Der Antrag befasst sich mit der dringend notwendigen Strukturierung von Soforthilfen. Um eine weiterhin unstrukturierte Vorgehensweise zu solchen Anträgen in der Bürgerschaft zu vermeiden, sollen die im Beschlussvorschlag genannten Regelungen im Einklang mit dem Ergänzungsbeschluss zum Haushalt 2021 beschlossen werden. Daher ist eine Behandlung auf der Sitzung der Bürgerschaft im Dezember erforderlich.

 

Sachverhalt:

Nach wie vor stellt die CoVid19-Pandemie die Bürgerinnen und Bürger, die Unternehmen und Vereine in der Hanse- und Universitätsstadt vor ungekannte Herausforderungen. Nach einer Phase der Entspannung zeigen sich in den letzten Wochen deutlich stärkere Auswirkungen.
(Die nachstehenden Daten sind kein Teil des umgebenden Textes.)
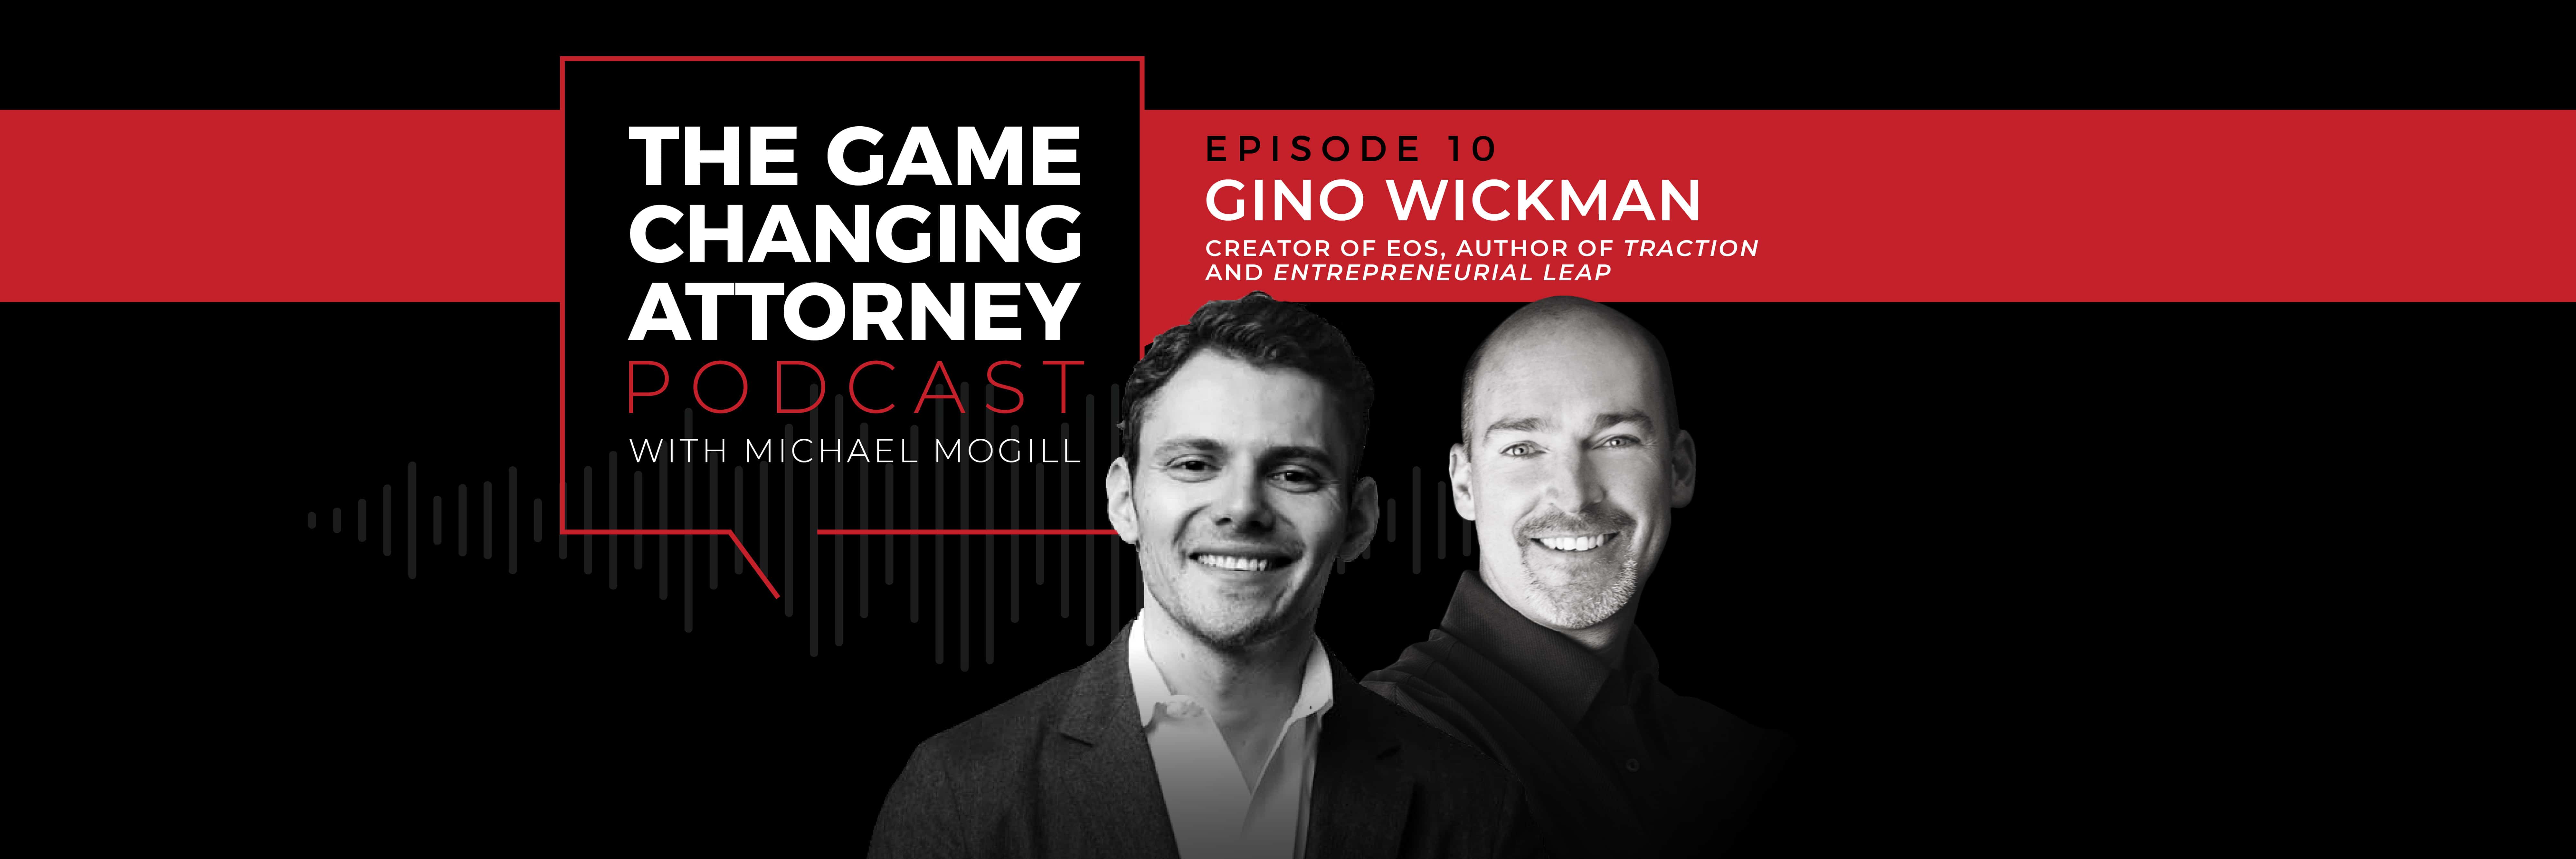 Gino Wickman - The Game Changing Attorney Podcast - Desktop

Dies führte und führt zu einer Vielzahl an Hilfsanträgen. Dabei ist bisher jedoch kein einheitliches Vorgehen in der Hilfegewährung erkennbar. Außerdem ist die finanzielle Leistungsfähigkeit der Hanse- und Universitätsstadt Rostock bei der Gewährung von Hilfen zu berücksichtigen.

 

Noch ist nicht absehbar, wie hoch die akuten und langfristigen Schäden letztlich sein werden. Vieles hängt davon ab, ob die Vereine, Selbstständigen und Freiberufler nach Bewältigung der Pandemie schnellstmöglich wieder Fuß fassen können. Hierzu haben Bund und Land erhebliche finanzielle Mittel bereitgestellt. Der Hanse- und Universitätsstadt Rostock kommt als wirtschaftliches, soziales und kulturelles Zentrum des Landes eine besondere Funktion zu. Daher gilt es, alle Akteure wo immer möglich auch auf lokaler Ebene zu unterstützen. Hierbei sind vor allem jene Vereine und Akteure zu bedenken, die nicht Bestandteil der Förderung von Bund und Land sind oder bei denen die beantragten bzw. ausgereichten Mittel absehbar nicht zur Abdeckung des entstandenen Schadens und damit zur Sicherung der Existenz reichen werden. Da sowohl die Hanse- und Universitätsstadt selbst als auch die Einwohnerinnen und Einwohner auf eine weiterhin positive wirtschaftliche und soziale Entwicklung sowie den Erhalt der Kultur am Standort angewiesen sind, steht die Stadt jetzt in der Verantwortung, schnelle und unbürokratische Unterstützung zu leisten.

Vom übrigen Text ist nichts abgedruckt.